*Problem to work on*
Only the stretch below from the line holding "Knorr 1-2-3 Daržovių" through the line holding "uluslararasi uzay istasyonu" should be restated, word for word and with both ends included; pictures stay out.

*Record extracts*
┏━━

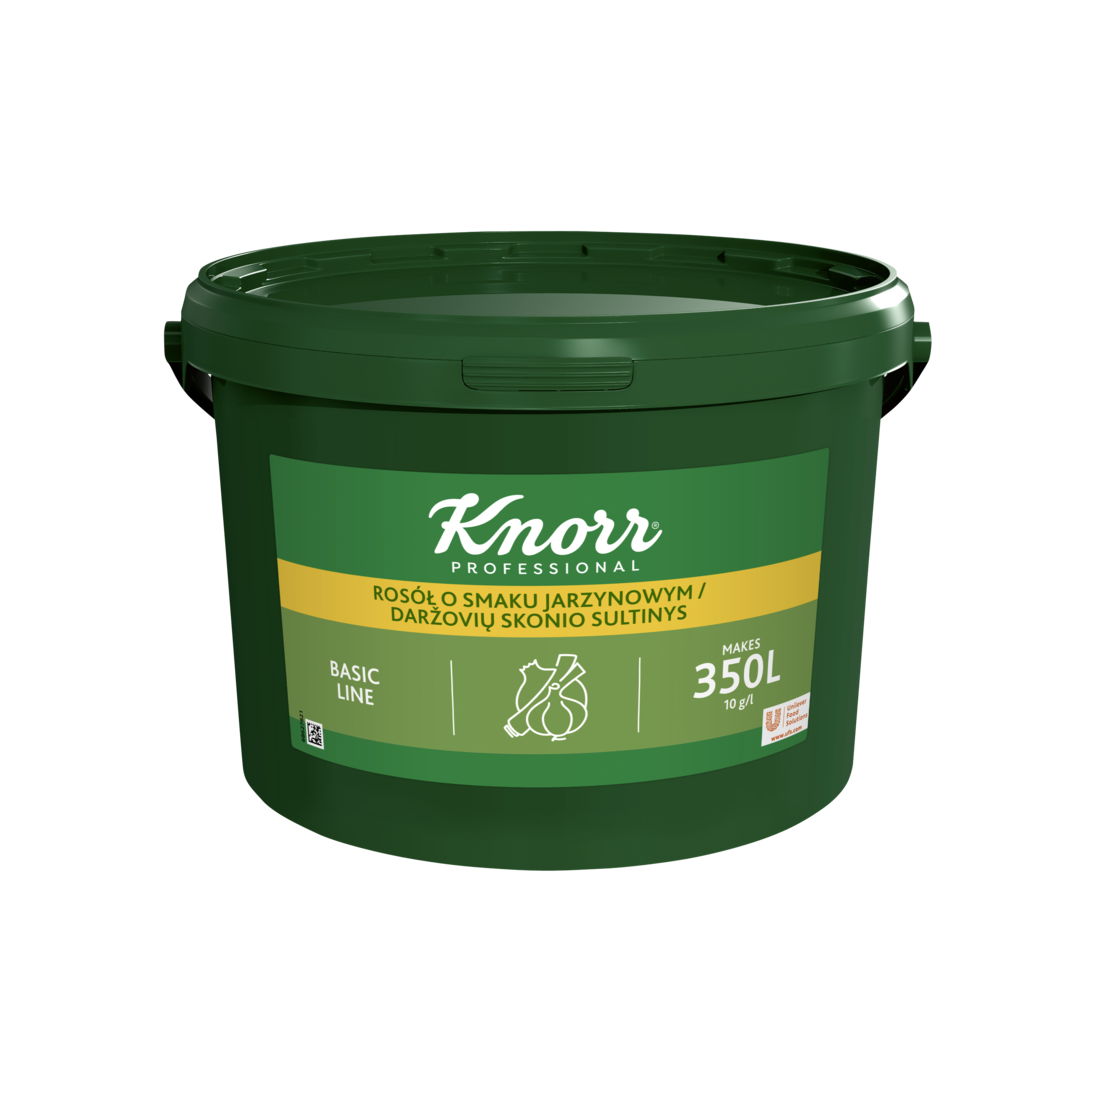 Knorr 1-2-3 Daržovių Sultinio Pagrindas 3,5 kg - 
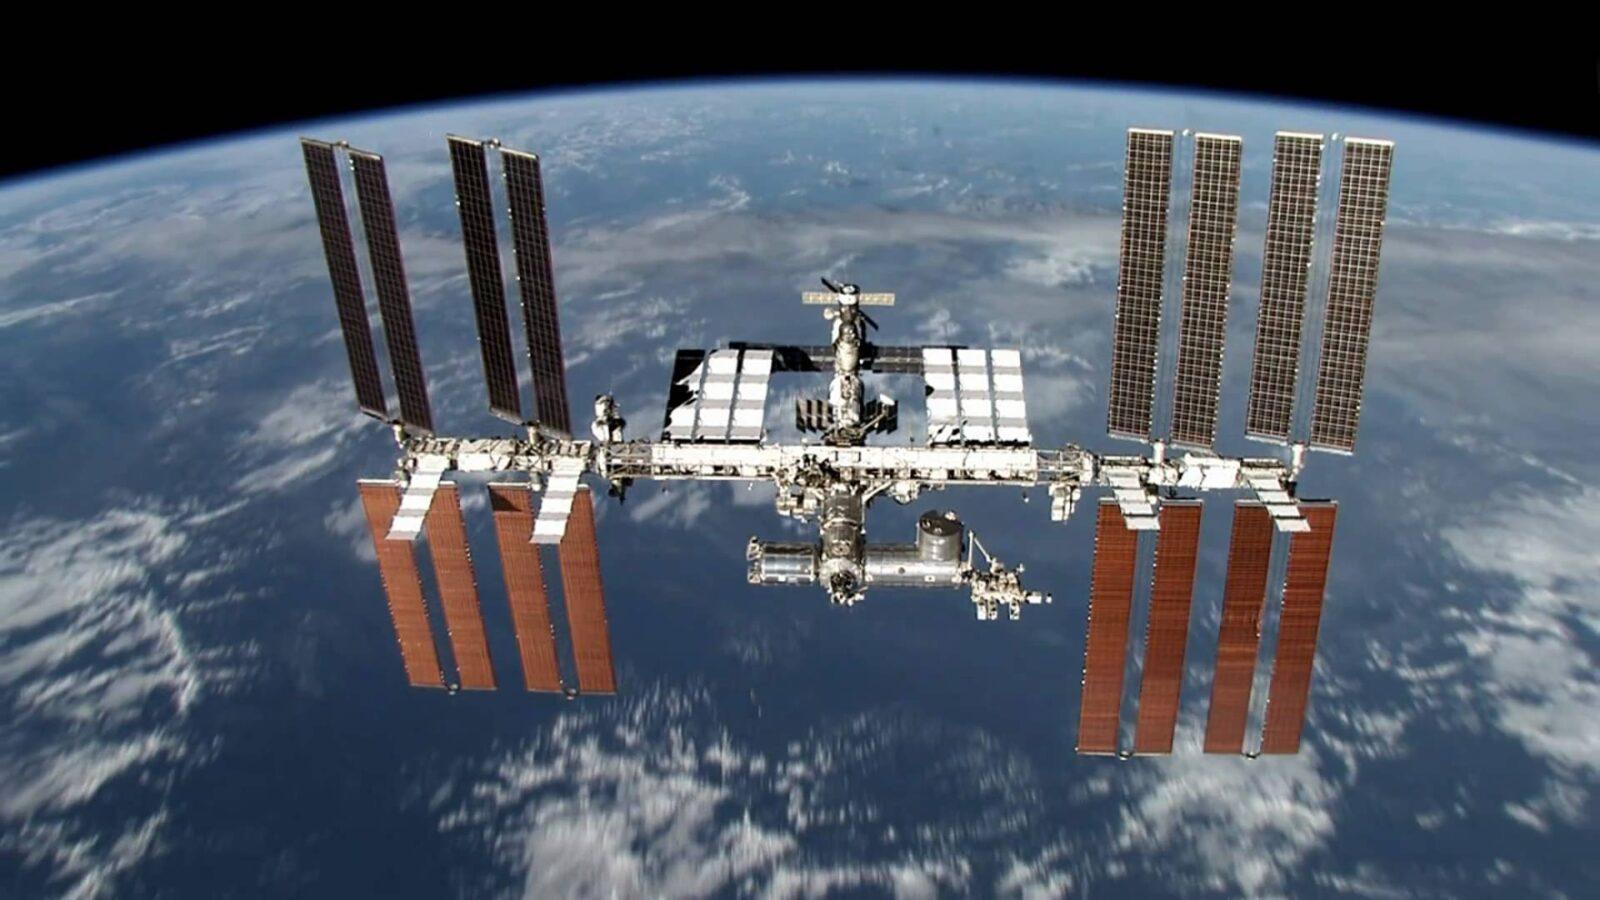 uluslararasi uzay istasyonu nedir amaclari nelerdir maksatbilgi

┗━━
┏━━

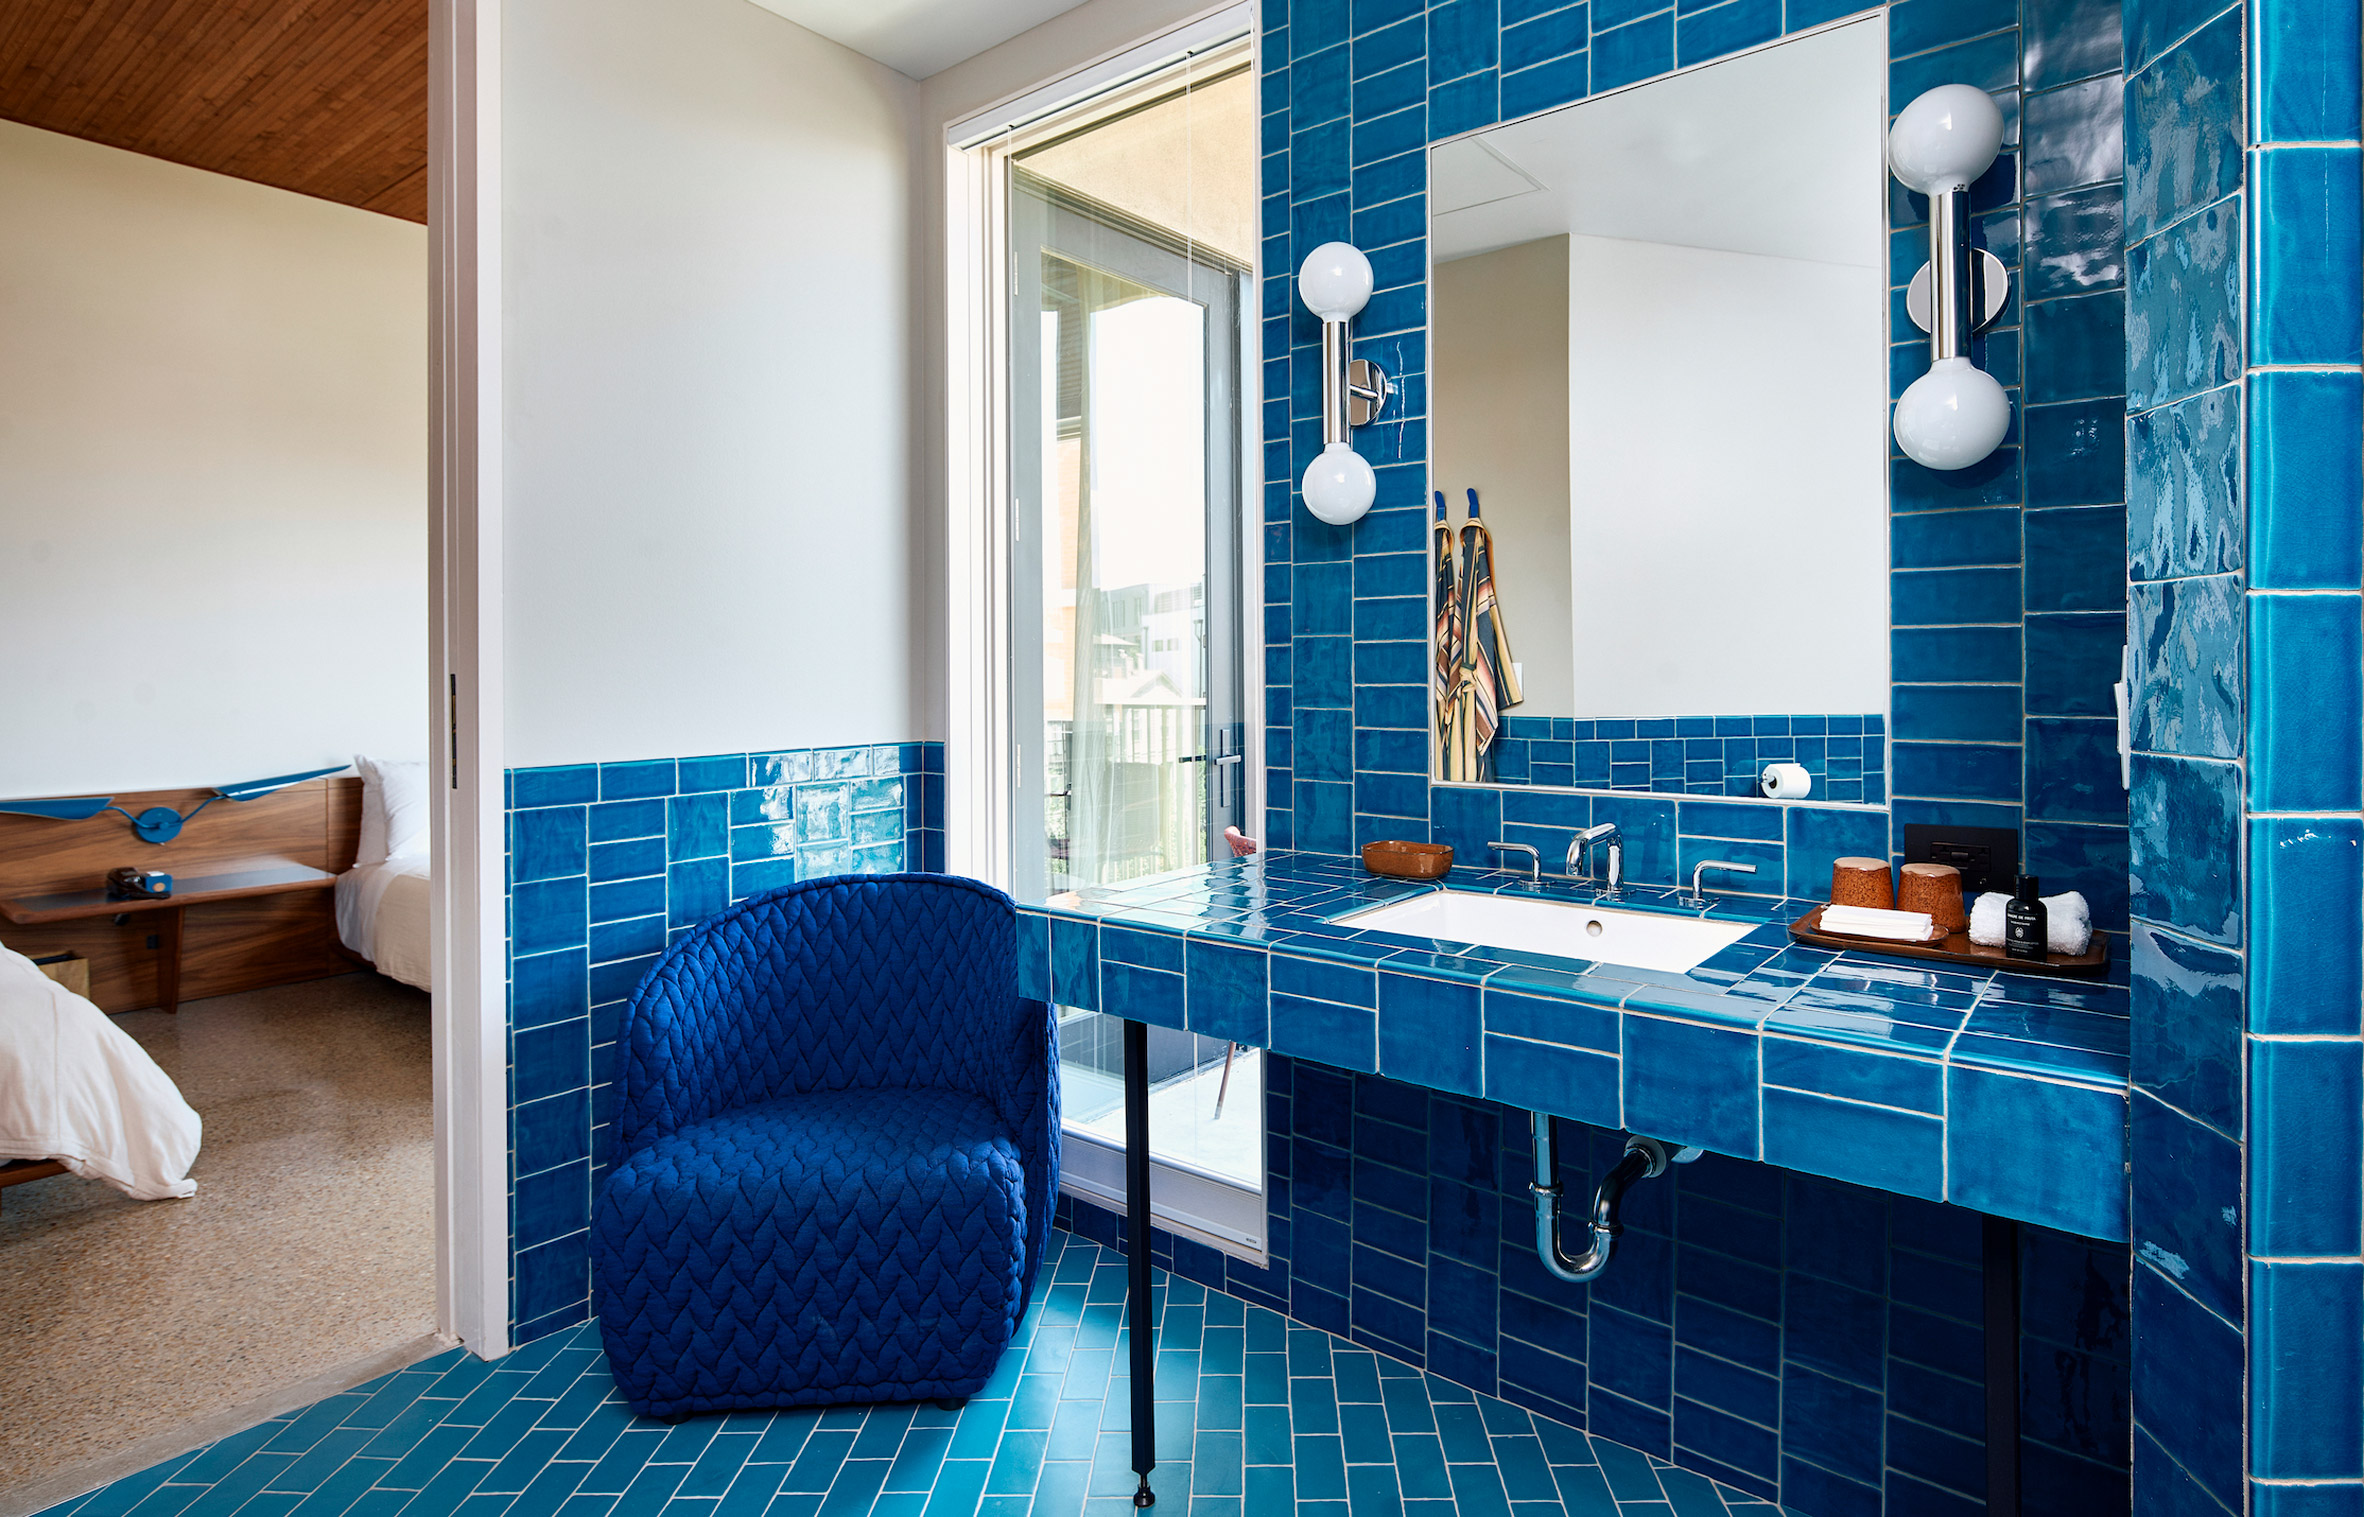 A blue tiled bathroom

┗━━
┏━━

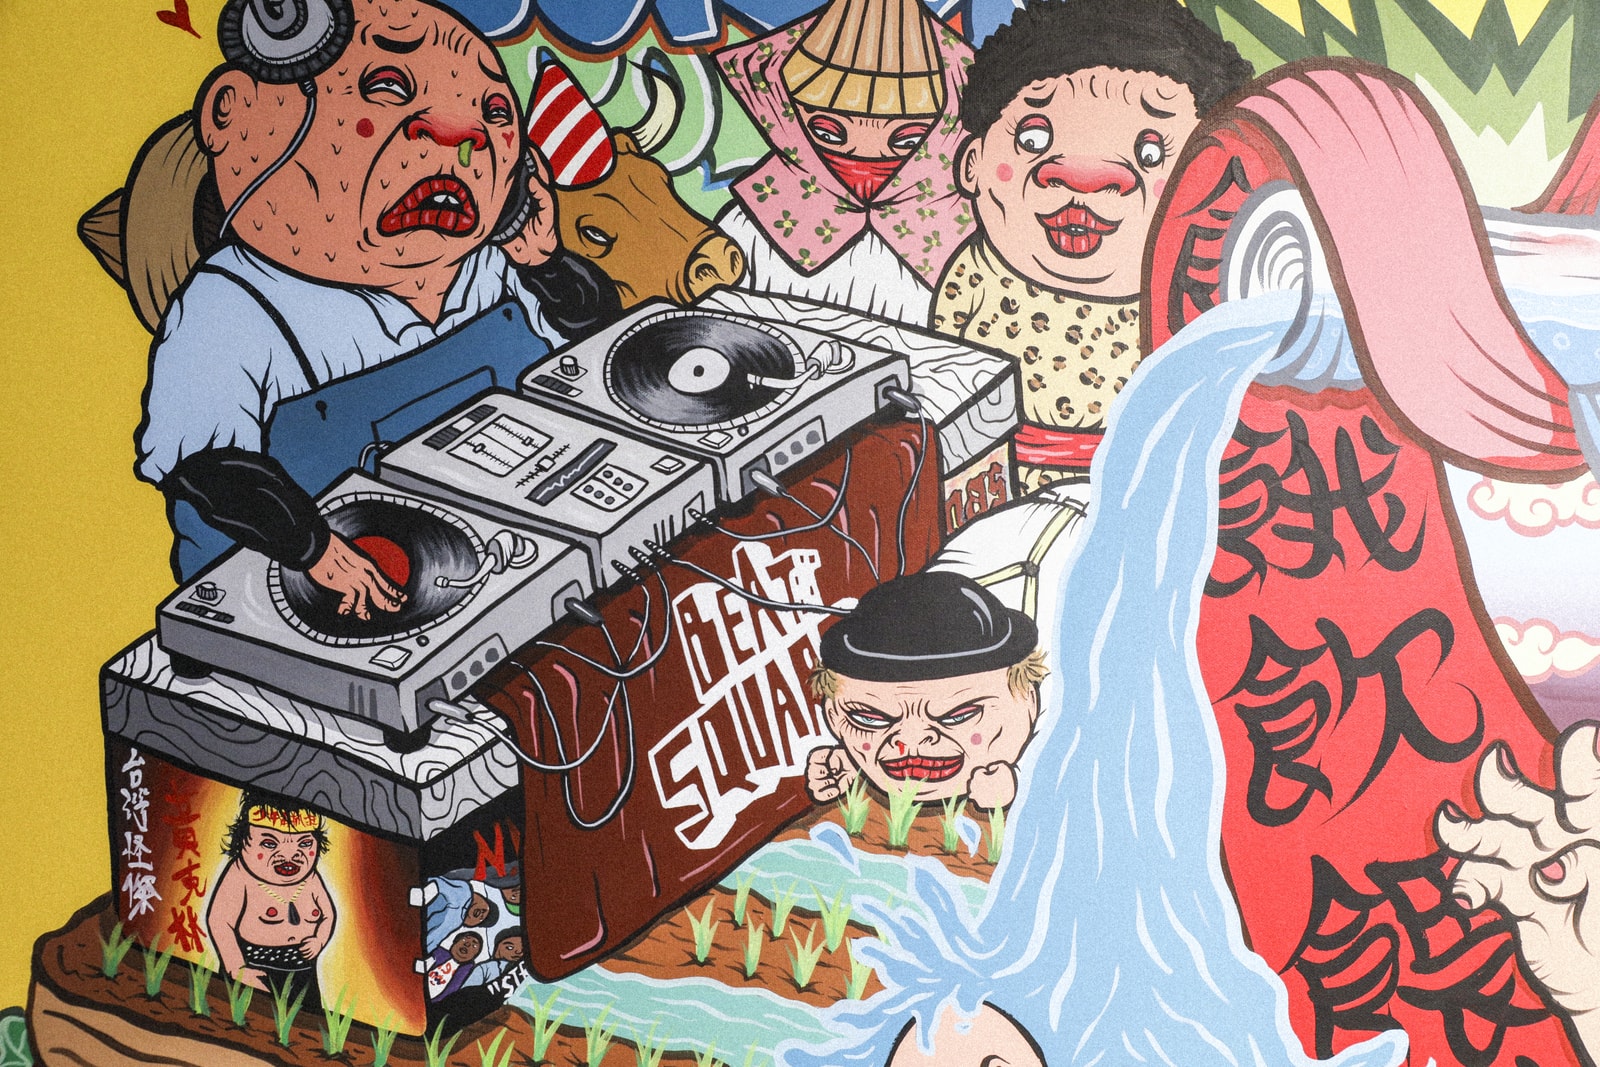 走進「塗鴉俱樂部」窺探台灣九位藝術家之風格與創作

┗━━

*Answer area*
 Knorr 1-2-3 Daržovių Sultinio Pagrindas 3,5 kg - 
 uluslararasi uzay istasyonu nedir amaclari nelerdir maksatbilgi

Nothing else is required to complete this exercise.